La forma en que se sondea la relación entre la existencia concreta y los episodios históricos, además de las alusiones estéticas, es impecable.

GINEBRA VIVA AUTOR 79/Leopoldo_CervantesOrtiz 26 DE MARZO DE 2021 10:15 h
Pablo Montoya en la Feria del Libro de Bogotá, en 2018.

Mi ojo ve catástrofes. Torrentes desbordados que parecen cabellos. Temblores de árboles como manos entrelazadas. Mi ojo ve valles, montañas, nubes. Y en ellos ve la naciente geografía de un sueño. O el sueño de un geógrafo que yo mismo he creado. Mi ojo ve mantos, velos, filigranas que son trozos de escoria, escupas y otras secreciones. Mi ojo ve en la mancha de pintura un pájaro, el lagarto, la babosa, un rayo de luz en la noche que dura más que la luz definida en un instante por mi ojo. En el ojo del otro el mío se detiene. Y ve cimas y abismos. Desembocaduras y manantiales. […][1]



Pablo Montoya, “Leonardo”



 



“Creo que en estas semblanzas de personajes de la historia y la imaginación está definida, fragmentariamente, mi visión del mundo y de los hombres, así como una búsqueda estilística afianzada en la frase corta y la palabra justa, y un deseo de transgredir los géneros. Terceto podría tal vez leerse como un amplio abanico de poemas en prosa o de minificciones. Narraciones breves en las que la poesía, el ensayo y el cuento intentan abrazarse. Estos textos podrían leerse también como los trozos dispersos de una novela, como las ruinas, oscuras y luminosas, de un sueño” (énfasis agregado)[2]. Con estas palabras, el escritor colombiano Pablo Montoya (incluido en la tesis doctoral de Juan Esteban Londoño, por cuya influencia surgió este artículo) se refiere en una nota final a la recopilación que dio a conocer en marzo de 2016 y que incluye tres de sus volúmenes poéticos más afines en cuanto a la forma y el proyecto: Viajeros, originalmente de 1999, Trazos (2007) y Programa de mano (2014).



Un panorama rápido y eficaz de la obra poética puede leerse en Mi mano busca en el vacío. Antología poética (2019), parte de la hermosa colección “Un libro por centavos”, de la Universidad Externado de Colombia y que puede descargarse gratuitamente. En escasas 67 páginas es posible degustar algunos textos de seis poemarios de Montoya: Cuaderno de París, Sólo una luz de agua y Hombre en ruinas, además de los incluidos en Terceto.
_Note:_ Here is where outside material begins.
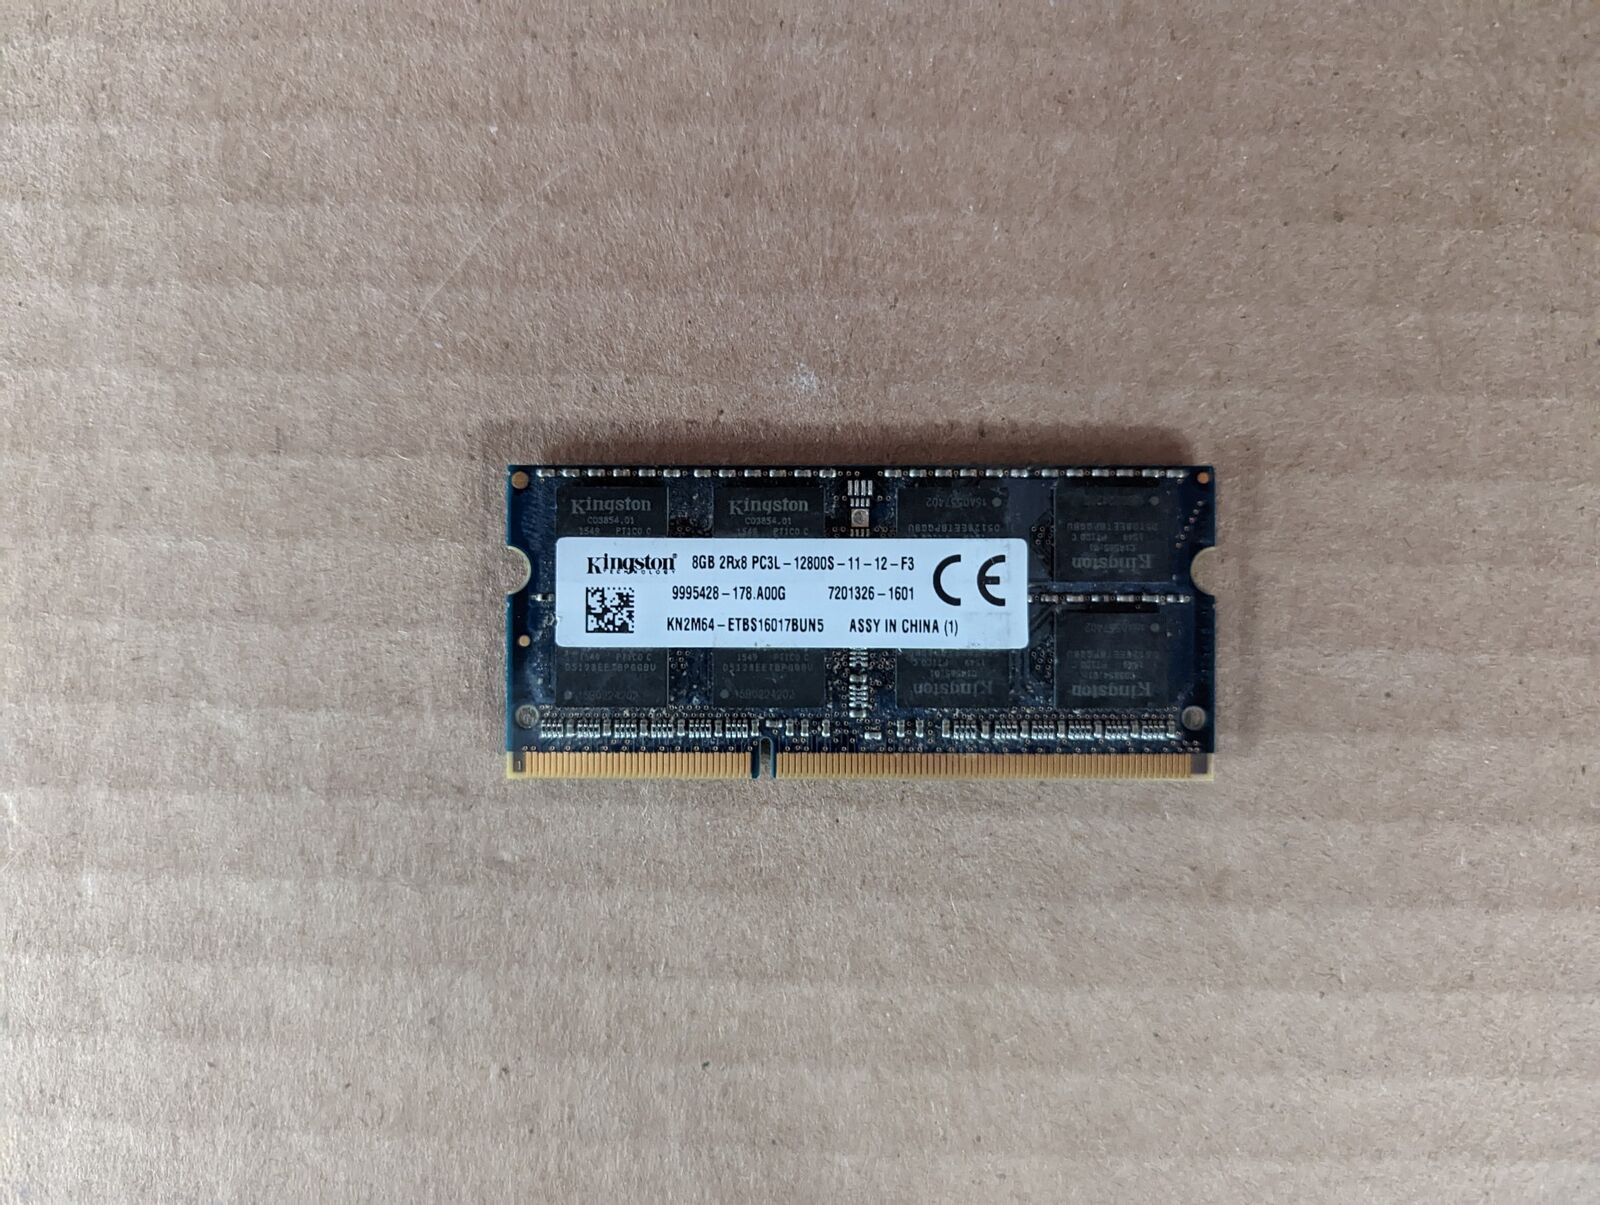 KINGSTON 8GB 2RX8 PC3L-12800S LAPTOP RAM KN2M64-ETBS ZZ9-5(3)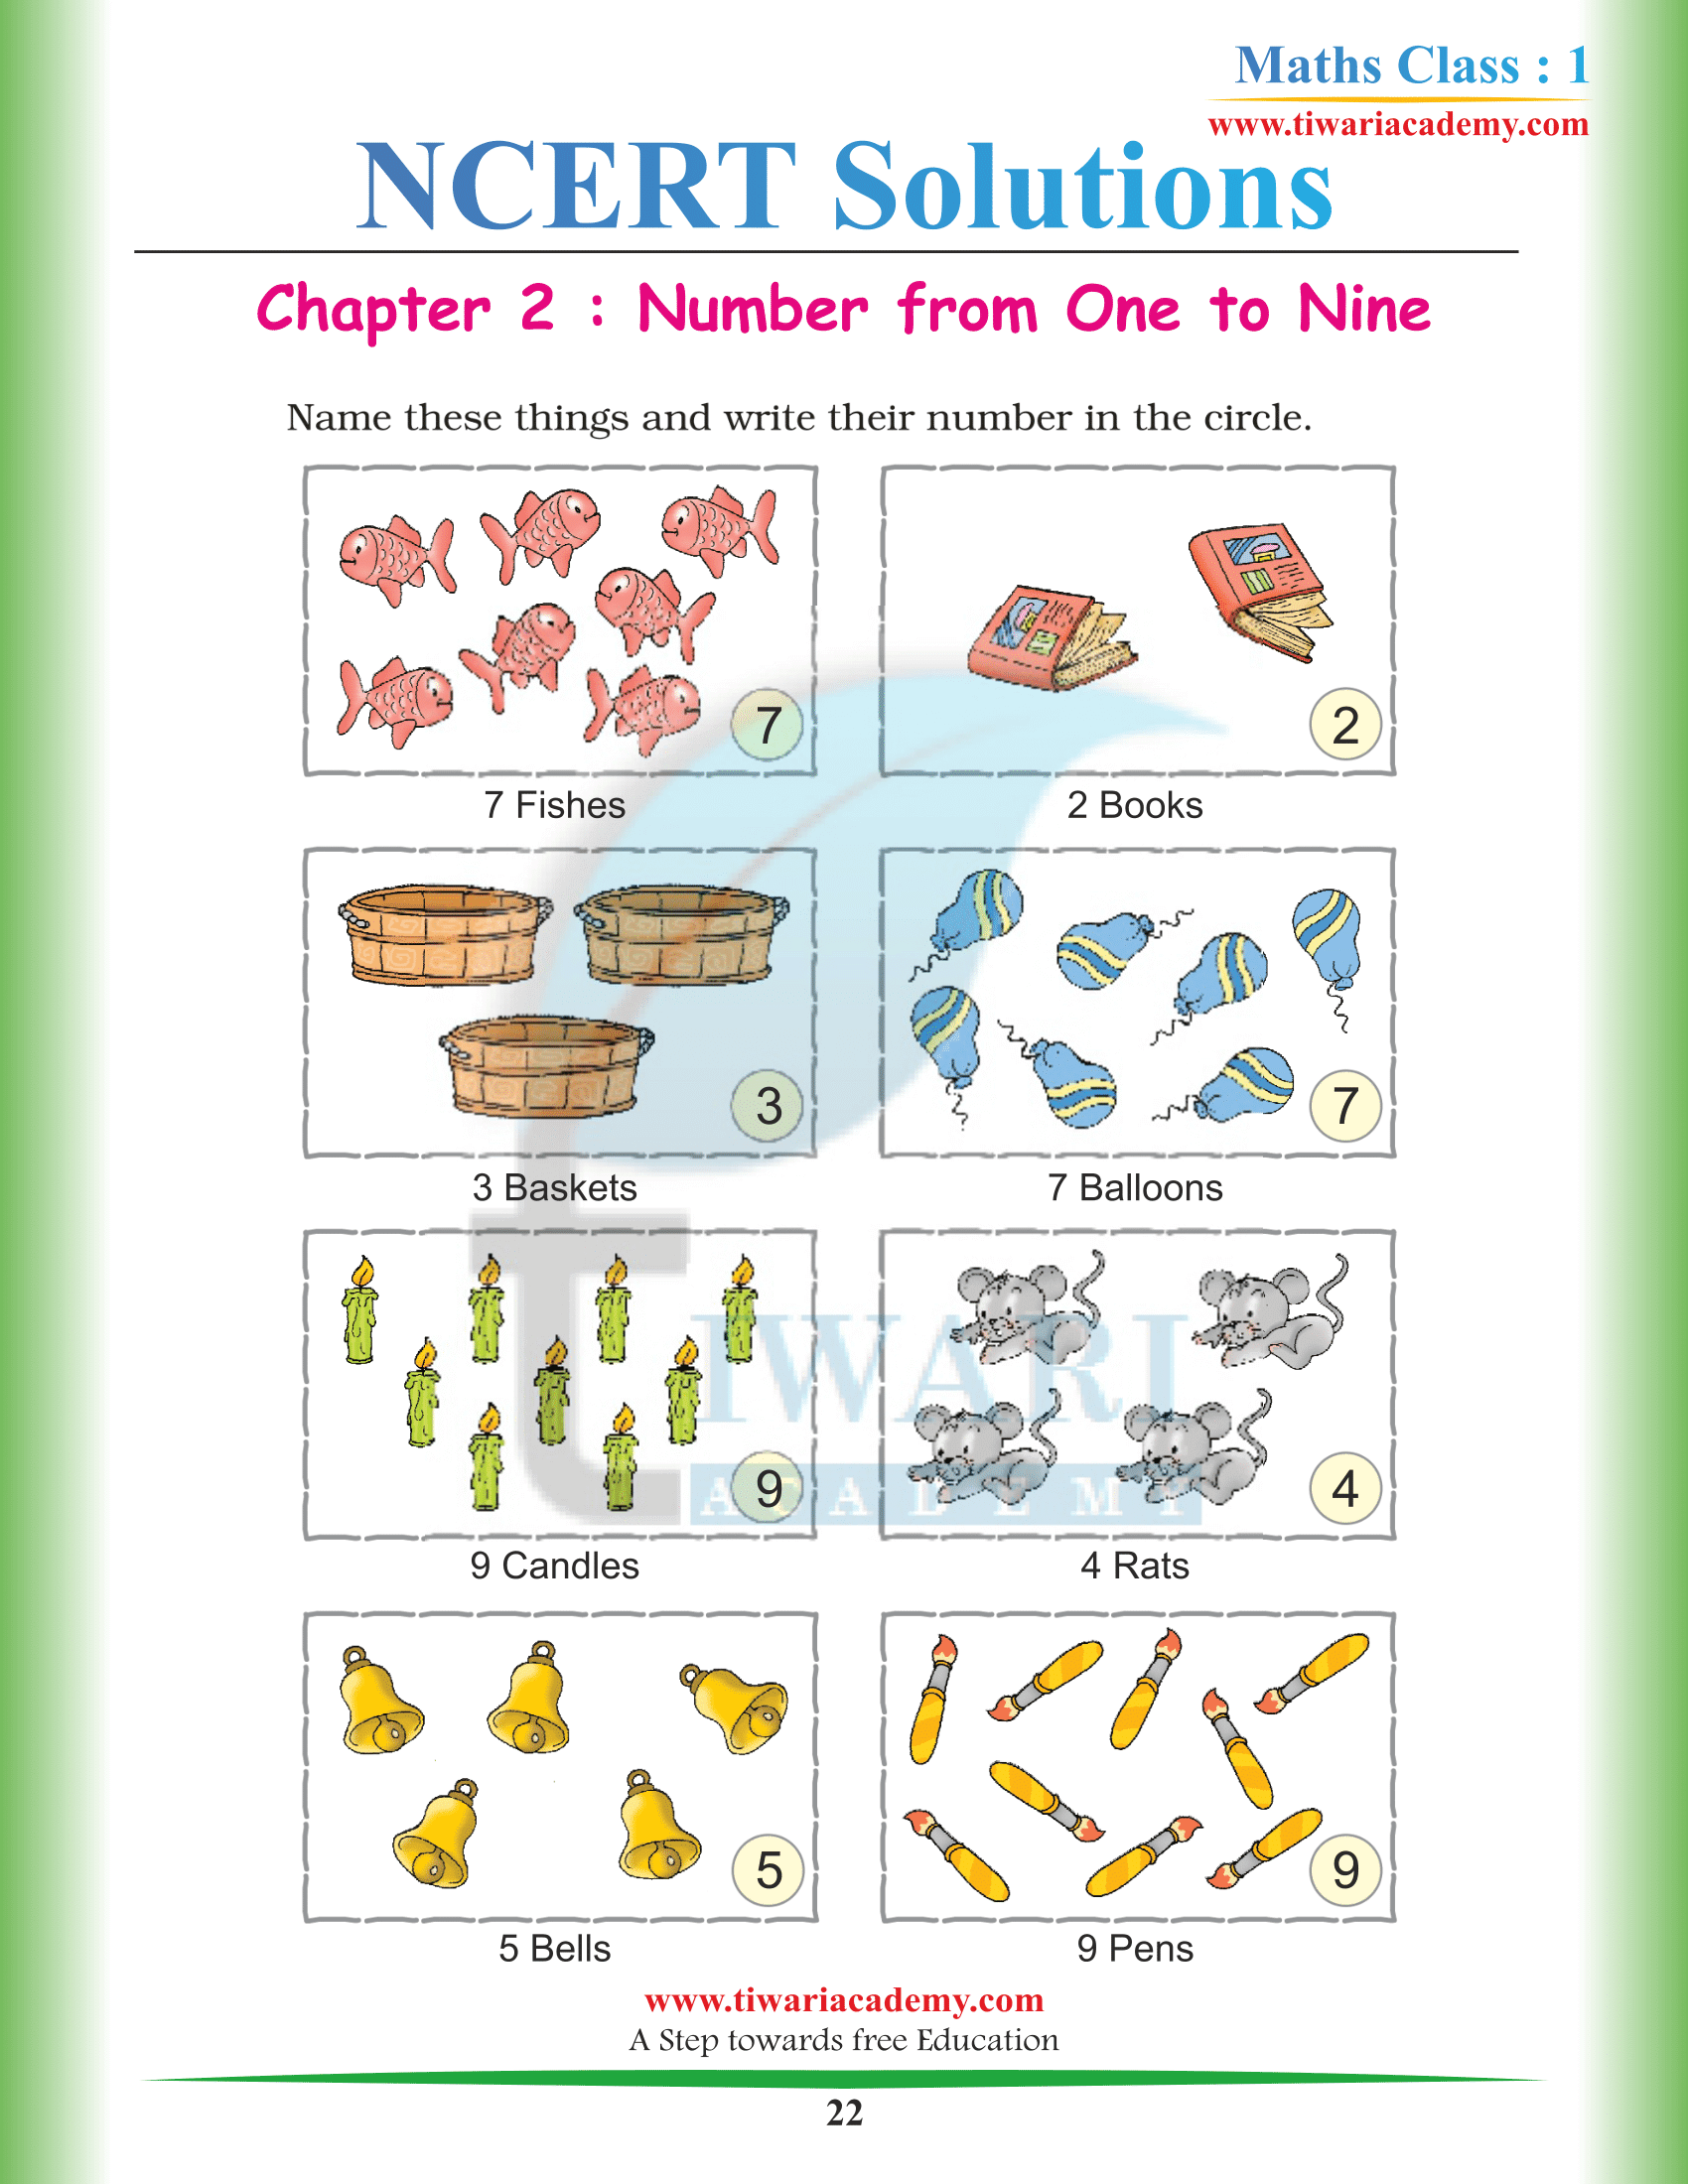 Class 1st Maths Chapter 2 all question solutions

Esta recopilación fue saludada por Pedro Peinado como un gran muestrario de vidas: “Estos personajes, de algún modo atrapados por nuestro imaginario, que no pueden dejar de vivir la vida que les ha tocado y que conocemos contada por otros, que miran a través de unos ojos y un sistema de creencias empañados por el espíritu de una época, trasladan al lector de manera inevitable a otro mundo; le desplazan, le aventuran, raptan su imaginación como sólo la buena literatura es capaz de hacer”[3]. Y a propósito del mismo libro (integrado por 195 textos), Montoya fue entrevistado por Jhonny R. Quintero, a quien le describió el origen más remoto del interés por estas formas literarias:



Ahí hay un montón de lecturas que yo he ido haciendo cuando era joven, cuando estaba en Tunja, donde viví ocho años. Allá hay mucho tiempo, tiempo para leer, y es una ciudad calmada. Yo recuerdo a Tunja porque es donde leí más. Recuerdo que devoraba libros, y ahí fue donde comencé a descubrir una serie de escritores que me enseñaron el rumbo por esas prosas poéticas, o de esas minificciones poéticas. Yo ubico claramente a esos autores, que son Borges, Álvaro Mutis, recuerdo mucho los cuentos de Memoria del fuego, de Eduardo Galeano, que es una especie de historia de América Latina desde los indígenas prehispánicos hasta 1984. Lo que quiero decir es que en ese breve formato donde los géneros se cruzan, varios de los textos de Terceto podrían leerse como poemas, como pequeños cuentos o ensayos, todo eso lo encontré en esos autores que leí por primera vez.[4]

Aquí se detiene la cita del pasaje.